Dependencies rdflib>=6.0

Overview

Generates a CASE/UCO JSON-LD Office metadata graph for IOI-012. The instantiator supports two input modes:

  1. Merged JSON mode — consumes the Autopsy/ArtifactExporter merged JSON for the office_xml artifact.
  2. Manual document mode — reads a raw Office document (.docx, .xlsx, .pptx, and macro-enabled variants), extracts docProps/core.xml, and emits the same Office XML graph.

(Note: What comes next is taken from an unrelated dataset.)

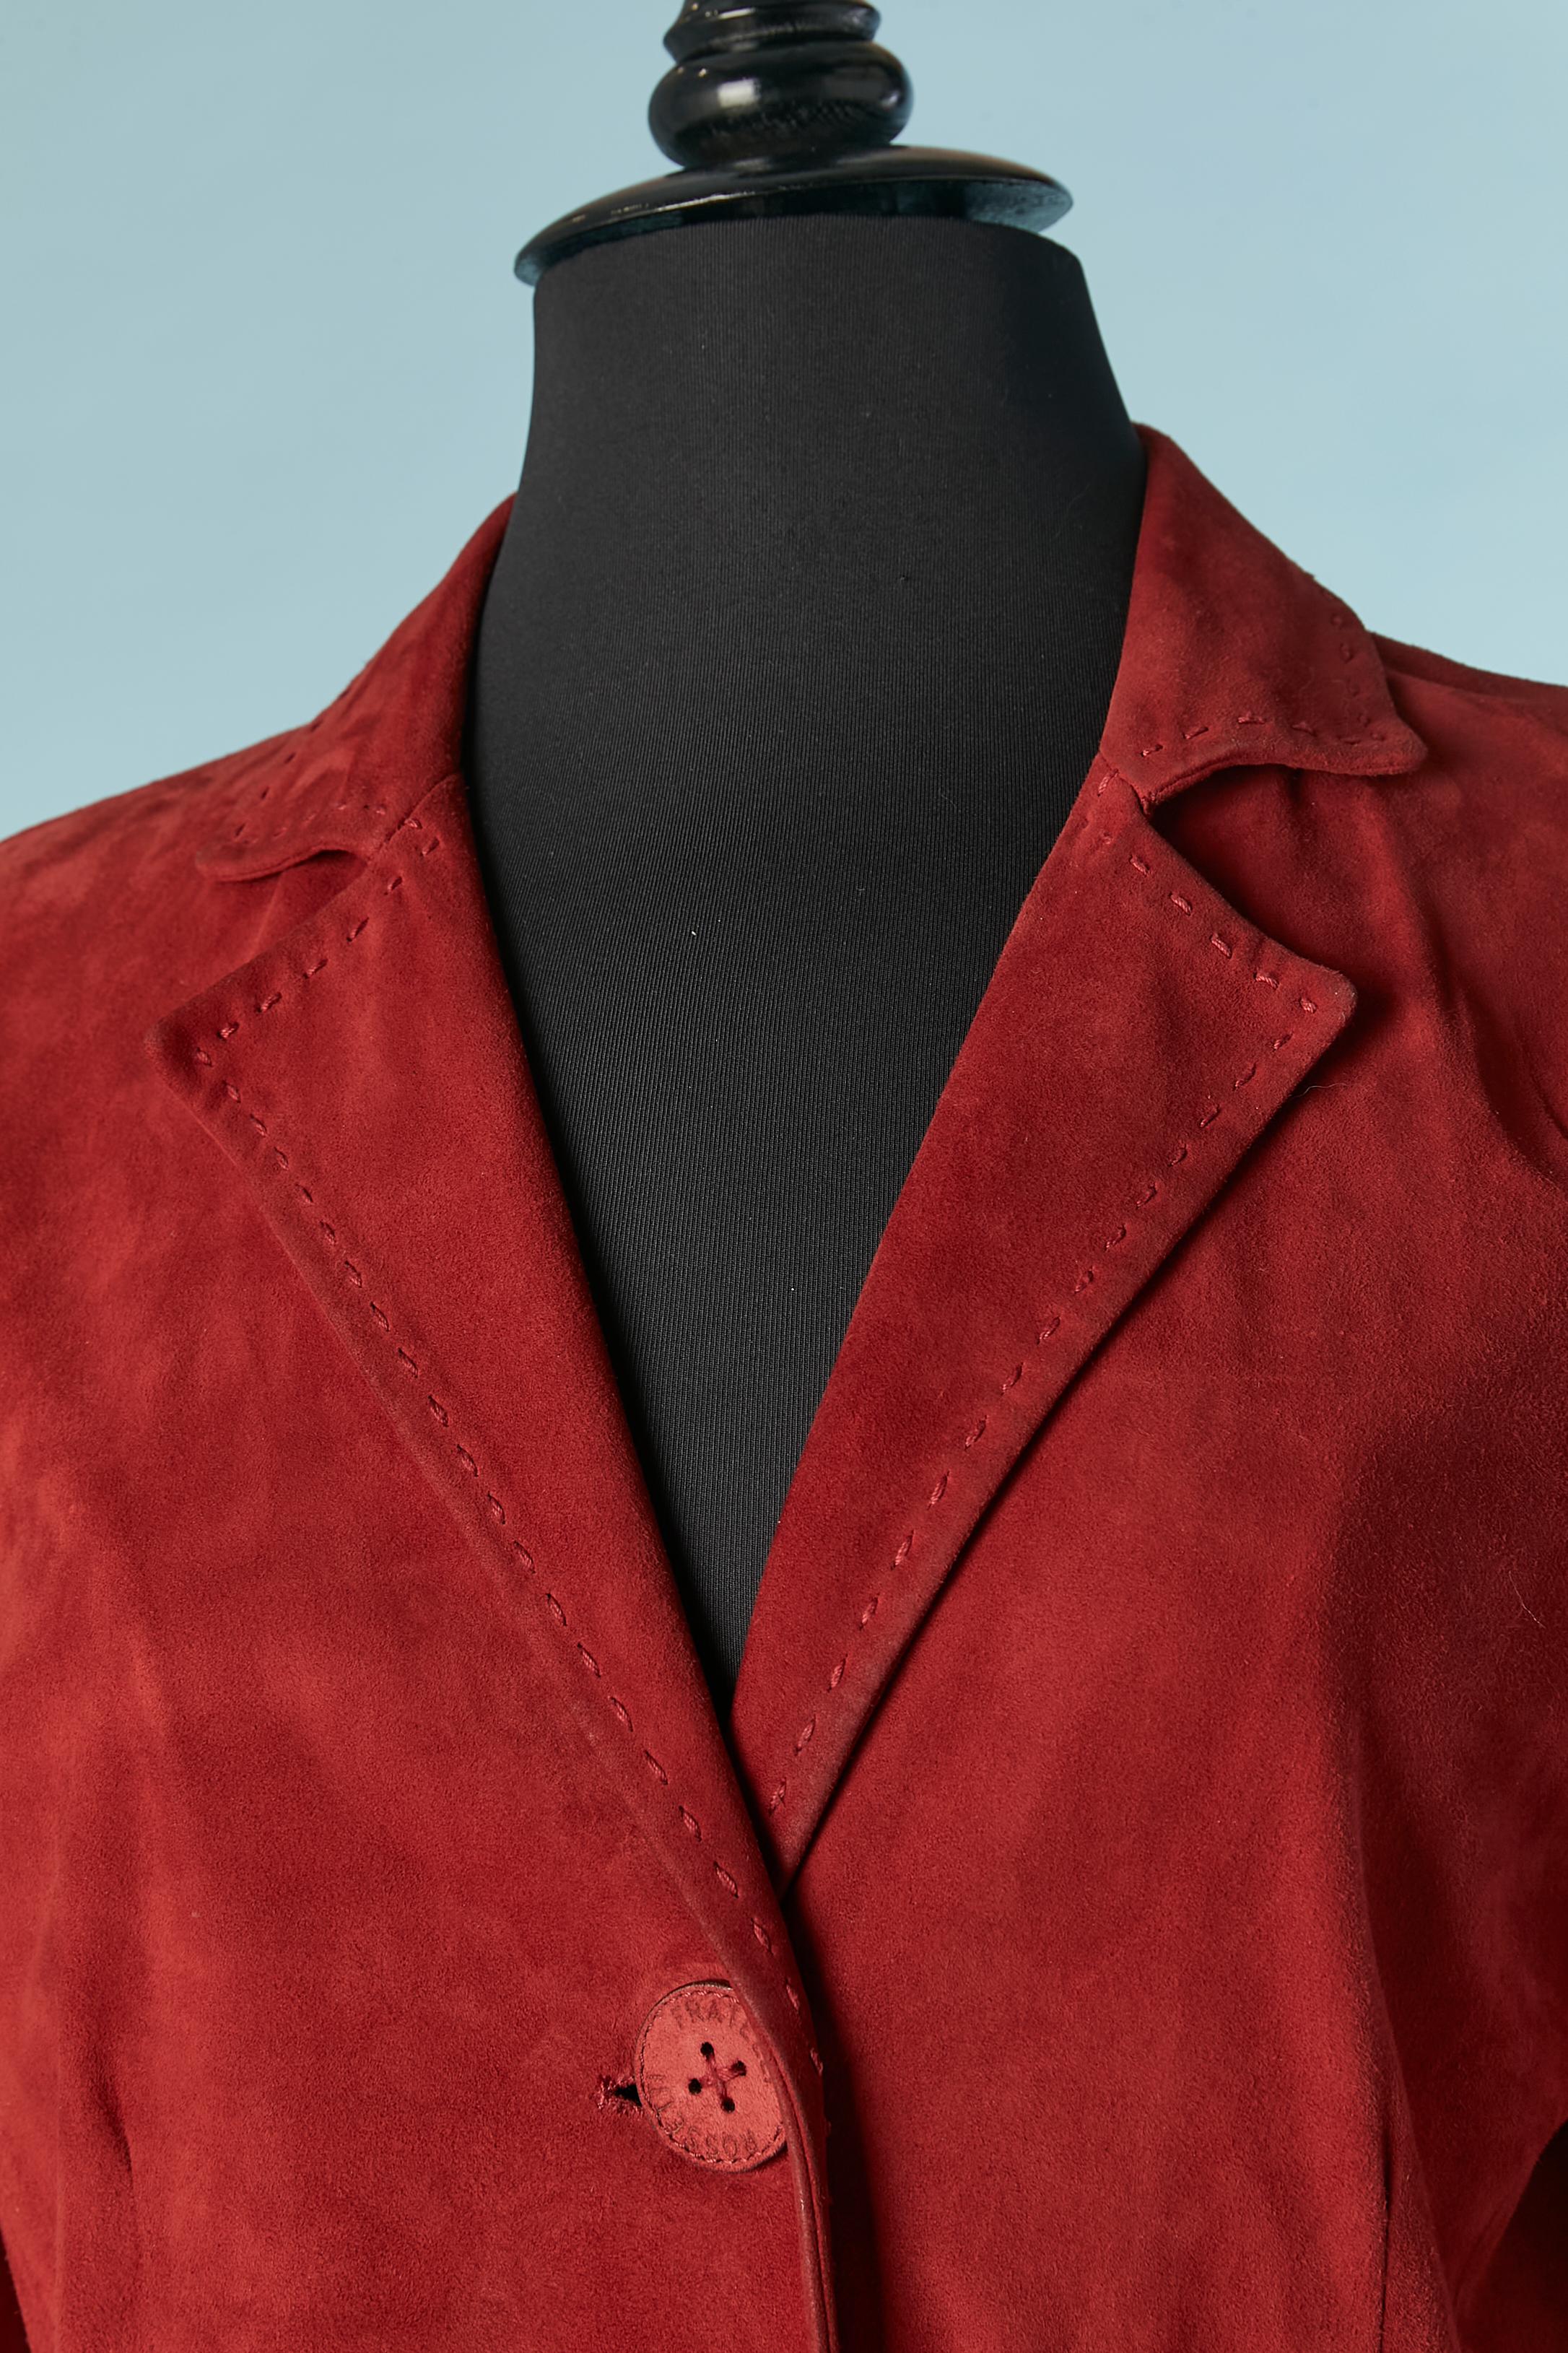 Einreihiger Mantel aus rotem Wildleder . Knöpfe aus Wildleder und Leder mit Markenzeichen. Abgesteppt, mit Schnitt und Taschen auf beiden Seiten und Baumwollfutter. Der Mantel ist nicht gefüttert.
GRÖSSE 40 / L

In both modes, the output contains an ioi-ext:OfficeXMLFacet plus an observable:FileFacet. Filesystem timestamps are intentionally excluded because IOI-012 compares the Office graph to a separate MFT graph using normalized observable:filePath.

Input

Merged JSON mode

[
  {
    "filename": "password.docx",
    "filepath": "/Users/ktams/Desktop/Confidential/password.docx",
    "xml_created": "2025-03-04T01:09:00Z",
    "xml_modified": "2025-03-04T01:10:37Z",
    "xml_creator": "ktams",
    "xml_last_modified_by": "ktams"
  }
]

Manual document mode

Provide a raw Office file and, when needed, the original MFT path via --filepath so the resulting observable:filePath matches the MFT graph used by IOI-012.

Input fields consumed

Source Field Mapped to
merged JSON / core.xml xml_created ioi-ext:dctermsCreated
merged JSON / core.xml xml_modified ioi-ext:dctermsModified
merged JSON / core.xml xml_creator ioi-ext:dcCreator
merged JSON / core.xml xml_last_modified_by ioi-ext:cpLastModifiedBy
merged JSON / manual input filename, filepath, extension, size observable:FileFacet fields

Usage

python3 instantiators/office_xml_instantiator.py office_xml_merged.json output.jsonld
python3 instantiators/office_xml_instantiator.py password.docx output.jsonld --filepath /Users/ktams/Desktop/Confidential/password.docx

If --filepath is omitted in manual mode, the script prompts for the original file path so the Office graph can still join to the MFT graph.

Implementation note

AF-012 is evaluated with the Office XML and MFT graphs loaded into separate named graphs and joined at query time via a SPARQL cross-graph join on normalized observable:filePath. The current rule uses source-specific Office XML properties: dctermsCreated, dctermsModified, dcCreator, and cpLastModifiedBy.